- Allegiance: Sri Lanka
- Branch: Sri Lanka Air Force
- Rank: Air Vice Marshal
- Unit: SLAF Regiment
- Commands: Director Planning
- Conflicts: Sri Lankan Civil War
- Awards: Rana Sura Padakkama Uttama Seva Padakkama

= A. Kumaresan =

Air Vice Marshal Arun Kumaresan, RSP, USP, psc, SLAF was a Director Planning of the Sri Lanka Air Force.

Educated at the prestiges Royal College Colombo, he joined the Sri Lanka Air Force as an Officer Cadet in the SLAF Regiment Branch. He also attended the Asia-Pacific Center for Security Studies in Honolulu, Hawaii. After successful completion of Basic Training he was commissioned as a Pilot Officer in the SLAF Regiment. He holds an MSc in Defence Studies and management. Air Vice Marshal Kumaresan has been awarded the gallantry medals Rana Sura Padakkama for individual acts of bravery, the service medals Uttama Seva Padakkama and Sri Lanka Armed Services Long Service Medal.

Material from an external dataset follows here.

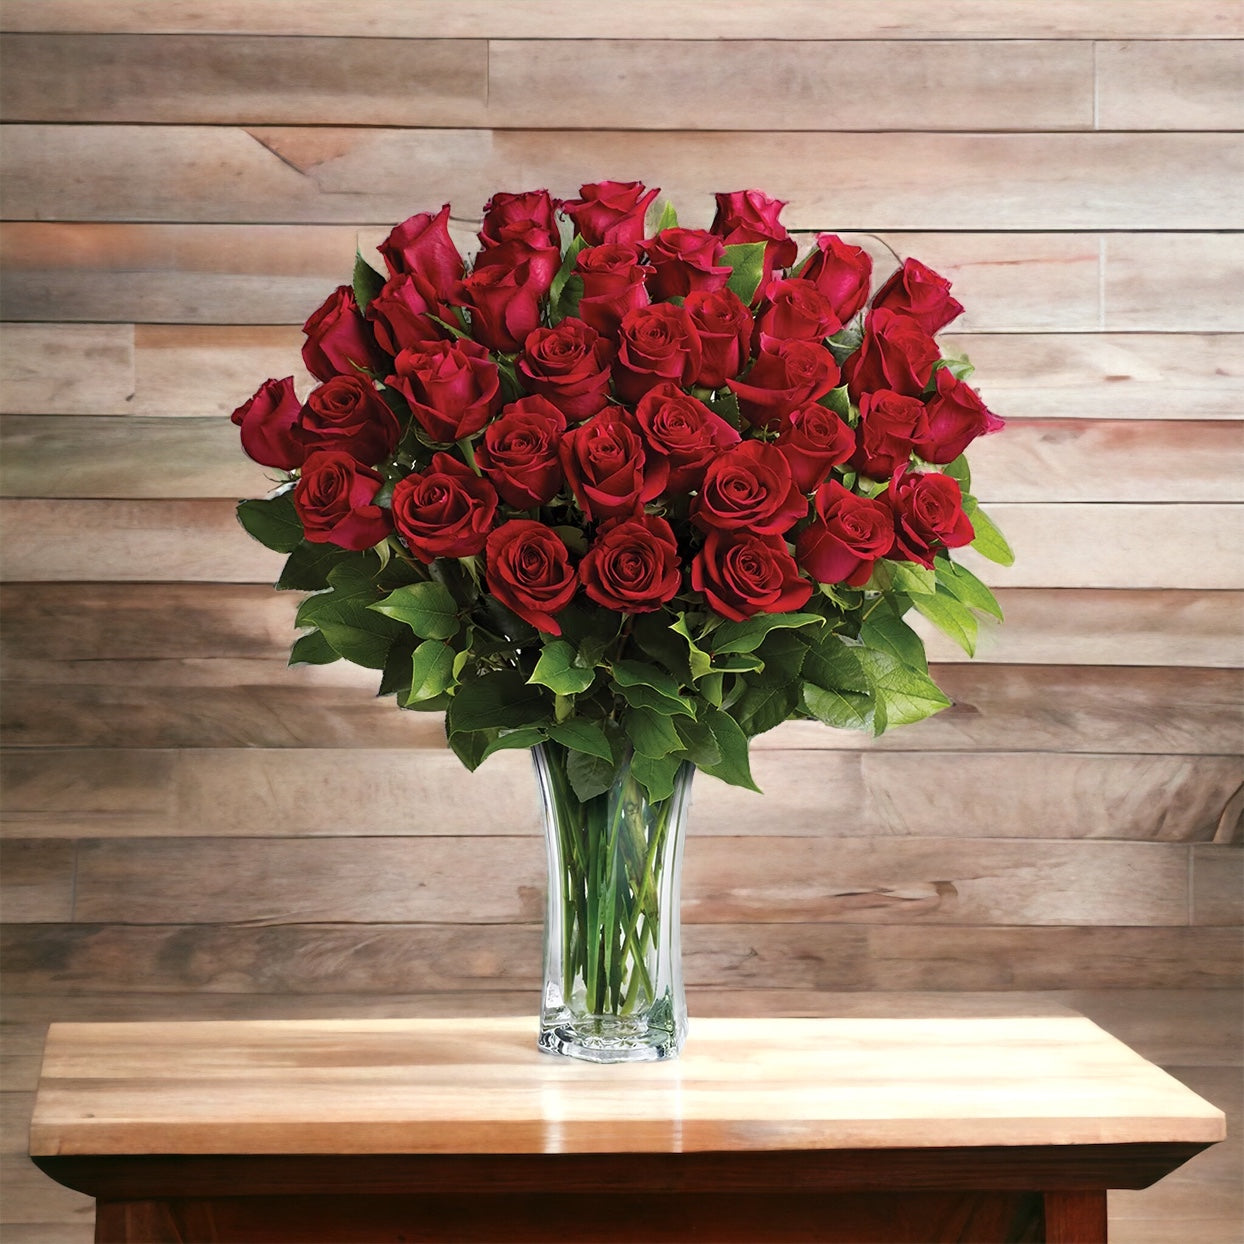 Thirty-six roses in a glass vase
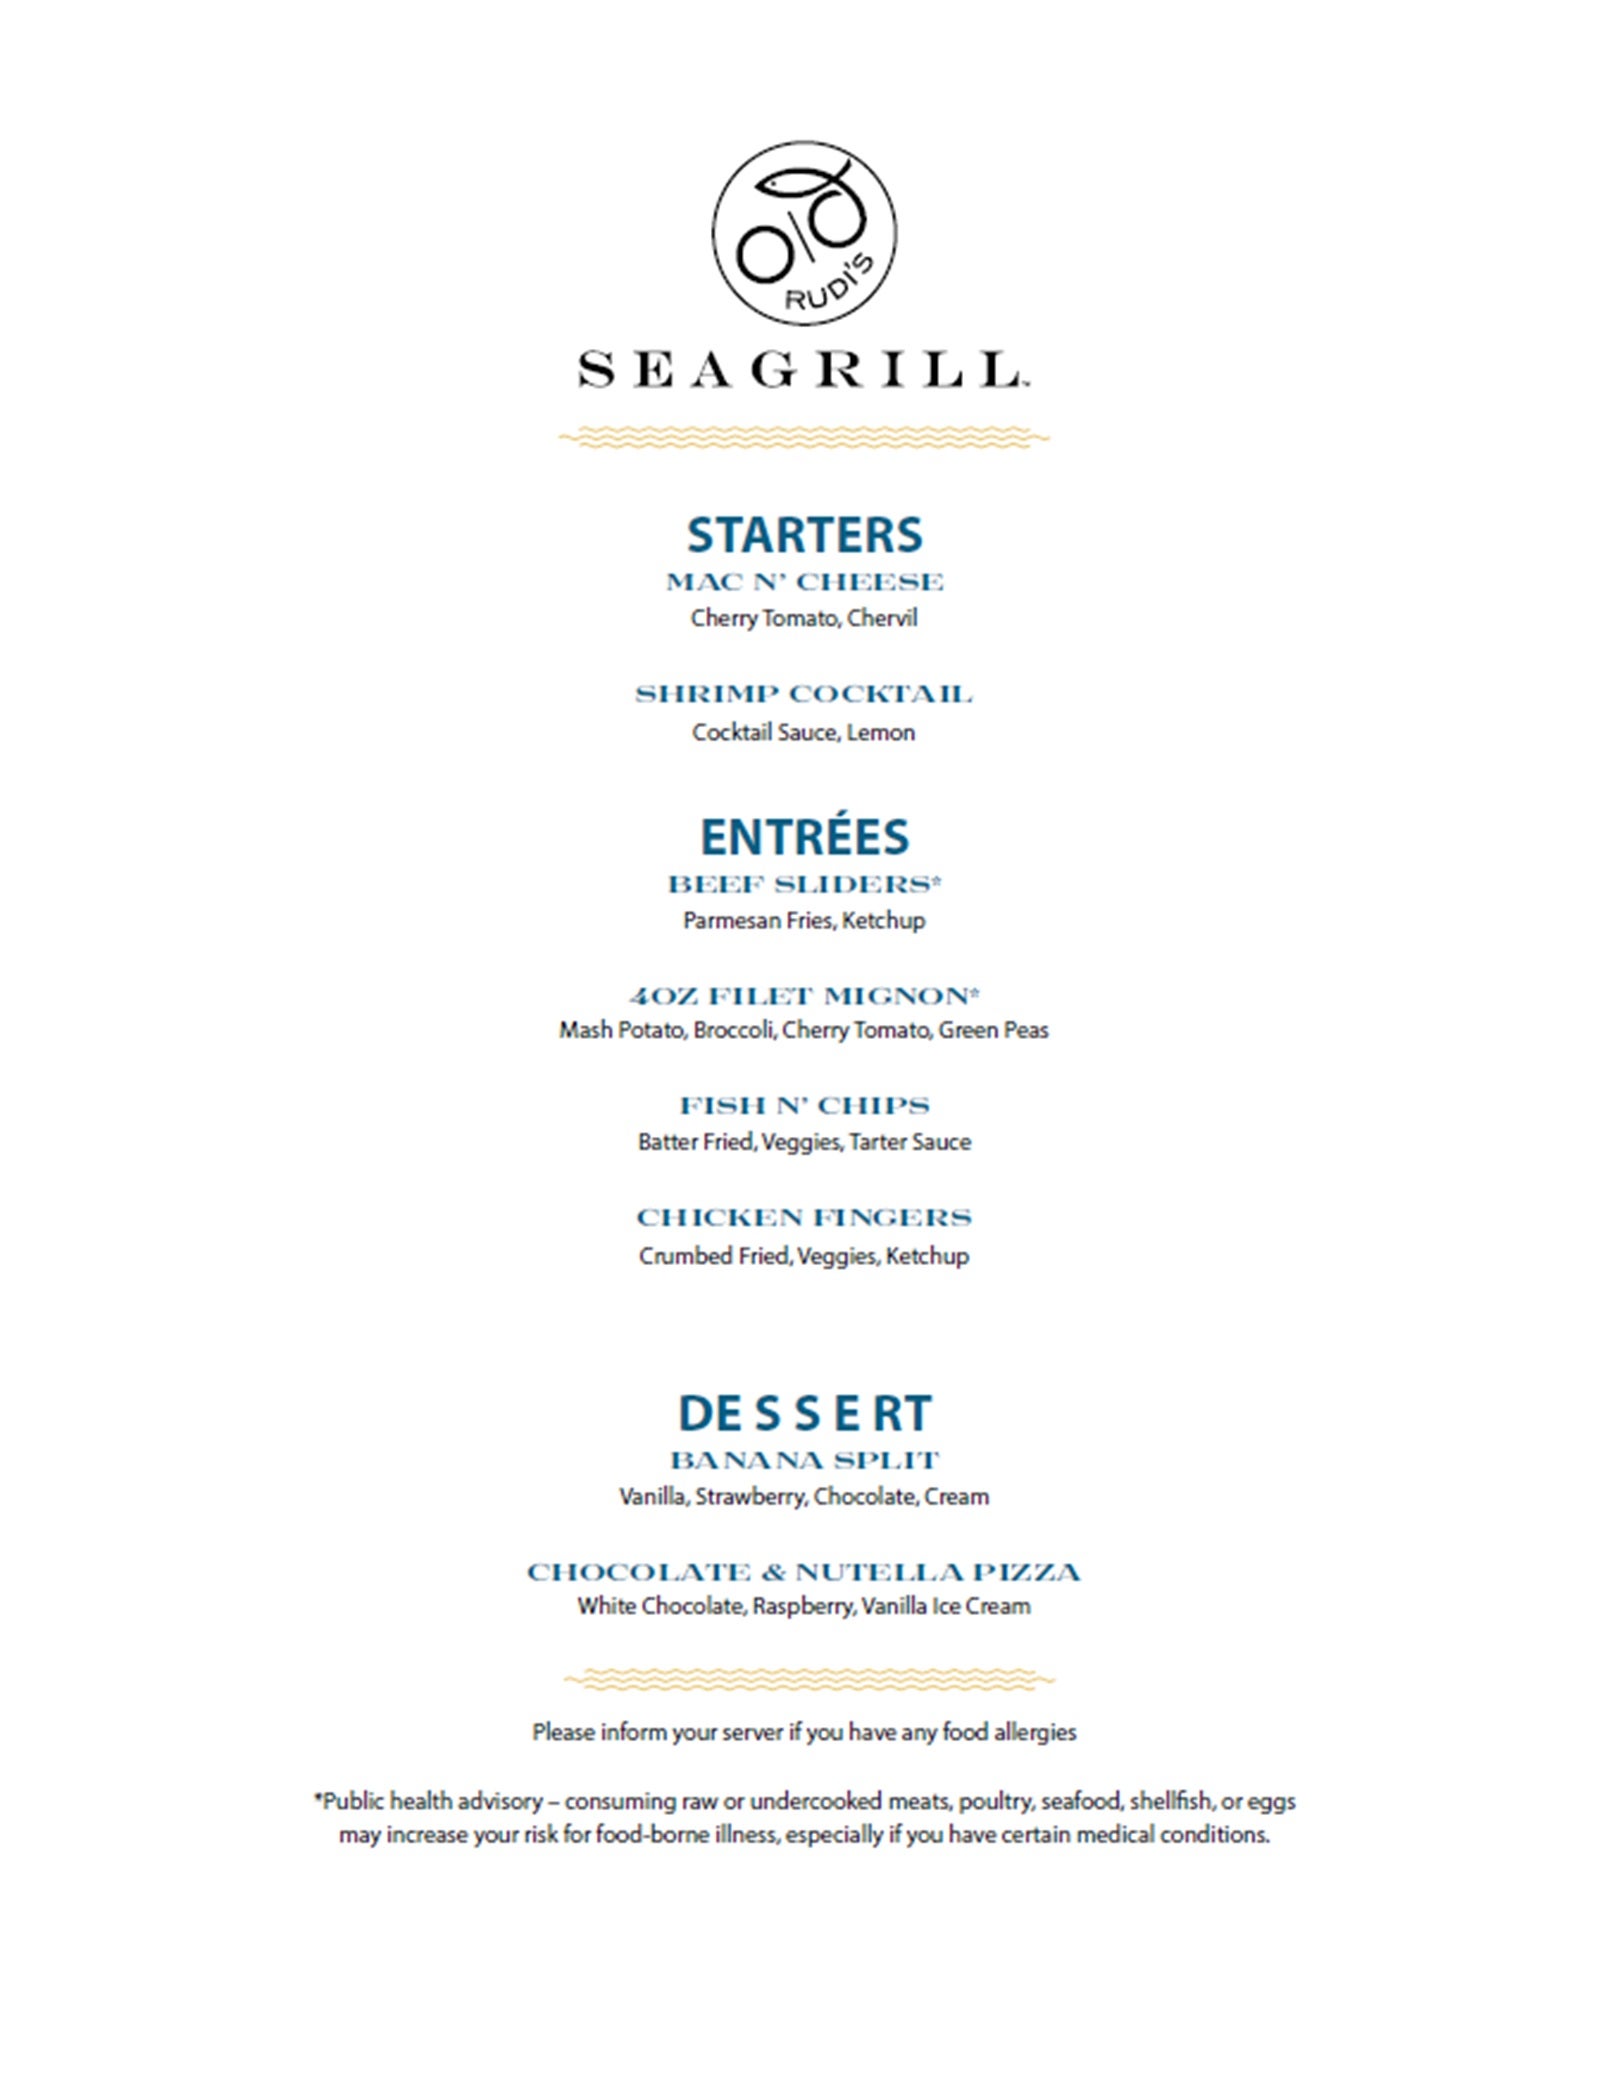 A children's menu from Rudi's Seagrill on Carnival Cruise Line

In his retirement, he has contributed writing to the Colombo Telegraph with articles in both English and Sinhala. He resides in Melbourne, Australia and served as treasurer for the Sri Lanka Ex-Service and Police Association Australia in 2014. He is involved in the Melbourne chapter of New Era for Sri Lanka as a member of the executive board.